- Opening Delimiter -

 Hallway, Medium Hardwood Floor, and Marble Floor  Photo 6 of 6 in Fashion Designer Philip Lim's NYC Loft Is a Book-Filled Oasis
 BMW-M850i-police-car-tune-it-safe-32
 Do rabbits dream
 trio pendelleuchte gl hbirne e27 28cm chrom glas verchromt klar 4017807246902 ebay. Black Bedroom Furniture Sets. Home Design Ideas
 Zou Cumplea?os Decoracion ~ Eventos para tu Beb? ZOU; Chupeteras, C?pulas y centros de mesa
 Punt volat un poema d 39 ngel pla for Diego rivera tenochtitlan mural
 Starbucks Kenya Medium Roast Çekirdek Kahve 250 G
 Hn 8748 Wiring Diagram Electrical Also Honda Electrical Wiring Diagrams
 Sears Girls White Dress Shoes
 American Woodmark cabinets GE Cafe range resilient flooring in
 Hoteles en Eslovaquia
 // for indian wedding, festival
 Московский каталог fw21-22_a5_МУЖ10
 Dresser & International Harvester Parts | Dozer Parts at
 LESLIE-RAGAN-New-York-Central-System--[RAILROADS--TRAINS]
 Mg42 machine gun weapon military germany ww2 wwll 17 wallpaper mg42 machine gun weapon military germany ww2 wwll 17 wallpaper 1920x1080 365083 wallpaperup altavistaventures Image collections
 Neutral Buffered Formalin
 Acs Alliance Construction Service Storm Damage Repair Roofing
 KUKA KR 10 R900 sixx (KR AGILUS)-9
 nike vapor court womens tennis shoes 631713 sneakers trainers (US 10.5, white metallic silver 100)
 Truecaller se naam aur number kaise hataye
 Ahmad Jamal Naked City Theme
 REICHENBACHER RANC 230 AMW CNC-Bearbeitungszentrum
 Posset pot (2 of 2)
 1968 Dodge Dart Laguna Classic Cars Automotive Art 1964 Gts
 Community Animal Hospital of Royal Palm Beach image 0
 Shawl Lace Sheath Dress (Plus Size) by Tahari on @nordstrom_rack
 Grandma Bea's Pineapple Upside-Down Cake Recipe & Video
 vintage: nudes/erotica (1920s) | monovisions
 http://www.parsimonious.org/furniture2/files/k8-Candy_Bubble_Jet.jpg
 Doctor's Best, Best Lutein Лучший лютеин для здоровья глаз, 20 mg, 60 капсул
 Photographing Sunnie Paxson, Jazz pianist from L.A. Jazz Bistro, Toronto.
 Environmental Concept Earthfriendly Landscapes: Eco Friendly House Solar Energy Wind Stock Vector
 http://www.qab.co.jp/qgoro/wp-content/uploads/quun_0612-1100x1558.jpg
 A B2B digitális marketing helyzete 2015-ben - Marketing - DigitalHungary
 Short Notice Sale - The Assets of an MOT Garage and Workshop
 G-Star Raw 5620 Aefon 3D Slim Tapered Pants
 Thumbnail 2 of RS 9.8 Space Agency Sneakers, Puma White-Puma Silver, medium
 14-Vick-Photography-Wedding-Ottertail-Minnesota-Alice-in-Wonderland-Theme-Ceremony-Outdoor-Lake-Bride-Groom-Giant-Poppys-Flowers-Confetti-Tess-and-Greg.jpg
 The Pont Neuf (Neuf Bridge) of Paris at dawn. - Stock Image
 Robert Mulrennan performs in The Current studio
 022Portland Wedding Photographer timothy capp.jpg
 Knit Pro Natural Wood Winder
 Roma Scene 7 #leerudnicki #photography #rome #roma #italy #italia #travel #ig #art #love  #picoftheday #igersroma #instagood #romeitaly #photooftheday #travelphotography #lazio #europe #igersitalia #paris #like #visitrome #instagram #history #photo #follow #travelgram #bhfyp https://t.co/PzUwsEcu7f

- Closing Delimiter -

The full set of records above must be reproduced exactly in the reply.

[Task answer]
 Hallway, Medium Hardwood Floor, and Marble Floor  Photo 6 of 6 in Fashion Designer Philip Lim's NYC Loft Is a Book-Filled Oasis
 BMW-M850i-police-car-tune-it-safe-32
 Do rabbits dream
 trio pendelleuchte gl hbirne e27 28cm chrom glas verchromt klar 4017807246902 ebay. Black Bedroom Furniture Sets. Home Design Ideas
 Zou Cumplea?os Decoracion ~ Eventos para tu Beb? ZOU; Chupeteras, C?pulas y centros de mesa
 Punt volat un poema d 39 ngel pla for Diego rivera tenochtitlan mural
 Starbucks Kenya Medium Roast Çekirdek Kahve 250 G
 Hn 8748 Wiring Diagram Electrical Also Honda Electrical Wiring Diagrams
 Sears Girls White Dress Shoes
 American Woodmark cabinets GE Cafe range resilient flooring in
 Hoteles en Eslovaquia
 // for indian wedding, festival
 Московский каталог fw21-22_a5_МУЖ10
 Dresser & International Harvester Parts | Dozer Parts at
 LESLIE-RAGAN-New-York-Central-System--[RAILROADS--TRAINS]
 Mg42 machine gun weapon military germany ww2 wwll 17 wallpaper mg42 machine gun weapon military germany ww2 wwll 17 wallpaper 1920x1080 365083 wallpaperup altavistaventures Image collections
 Neutral Buffered Formalin
 Acs Alliance Construction Service Storm Damage Repair Roofing
 KUKA KR 10 R900 sixx (KR AGILUS)-9
 nike vapor court womens tennis shoes 631713 sneakers trainers (US 10.5, white metallic silver 100)
 Truecaller se naam aur number kaise hataye
 Ahmad Jamal Naked City Theme
 REICHENBACHER RANC 230 AMW CNC-Bearbeitungszentrum
 Posset pot (2 of 2)
 1968 Dodge Dart Laguna Classic Cars Automotive Art 1964 Gts
 Community Animal Hospital of Royal Palm Beach image 0
 Shawl Lace Sheath Dress (Plus Size) by Tahari on @nordstrom_rack
 Grandma Bea's Pineapple Upside-Down Cake Recipe & Video
 vintage: nudes/erotica (1920s) | monovisions
 http://www.parsimonious.org/furniture2/files/k8-Candy_Bubble_Jet.jpg
 Doctor's Best, Best Lutein Лучший лютеин для здоровья глаз, 20 mg, 60 капсул
 Photographing Sunnie Paxson, Jazz pianist from L.A. Jazz Bistro, Toronto.
 Environmental Concept Earthfriendly Landscapes: Eco Friendly House Solar Energy Wind Stock Vector
 http://www.qab.co.jp/qgoro/wp-content/uploads/quun_0612-1100x1558.jpg
 A B2B digitális marketing helyzete 2015-ben - Marketing - DigitalHungary
 Short Notice Sale - The Assets of an MOT Garage and Workshop
 G-Star Raw 5620 Aefon 3D Slim Tapered Pants
 Thumbnail 2 of RS 9.8 Space Agency Sneakers, Puma White-Puma Silver, medium
 14-Vick-Photography-Wedding-Ottertail-Minnesota-Alice-in-Wonderland-Theme-Ceremony-Outdoor-Lake-Bride-Groom-Giant-Poppys-Flowers-Confetti-Tess-and-Greg.jpg
 The Pont Neuf (Neuf Bridge) of Paris at dawn. - Stock Image
 Robert Mulrennan performs in The Current studio
 022Portland Wedding Photographer timothy capp.jpg
 Knit Pro Natural Wood Winder
 Roma Scene 7 #leerudnicki #photography #rome #roma #italy #italia #travel #ig #art #love  #picoftheday #igersroma #instagood #romeitaly #photooftheday #travelphotography #lazio #europe #igersitalia #paris #like #visitrome #instagram #history #photo #follow #travelgram #bhfyp https://t.co/PzUwsEcu7f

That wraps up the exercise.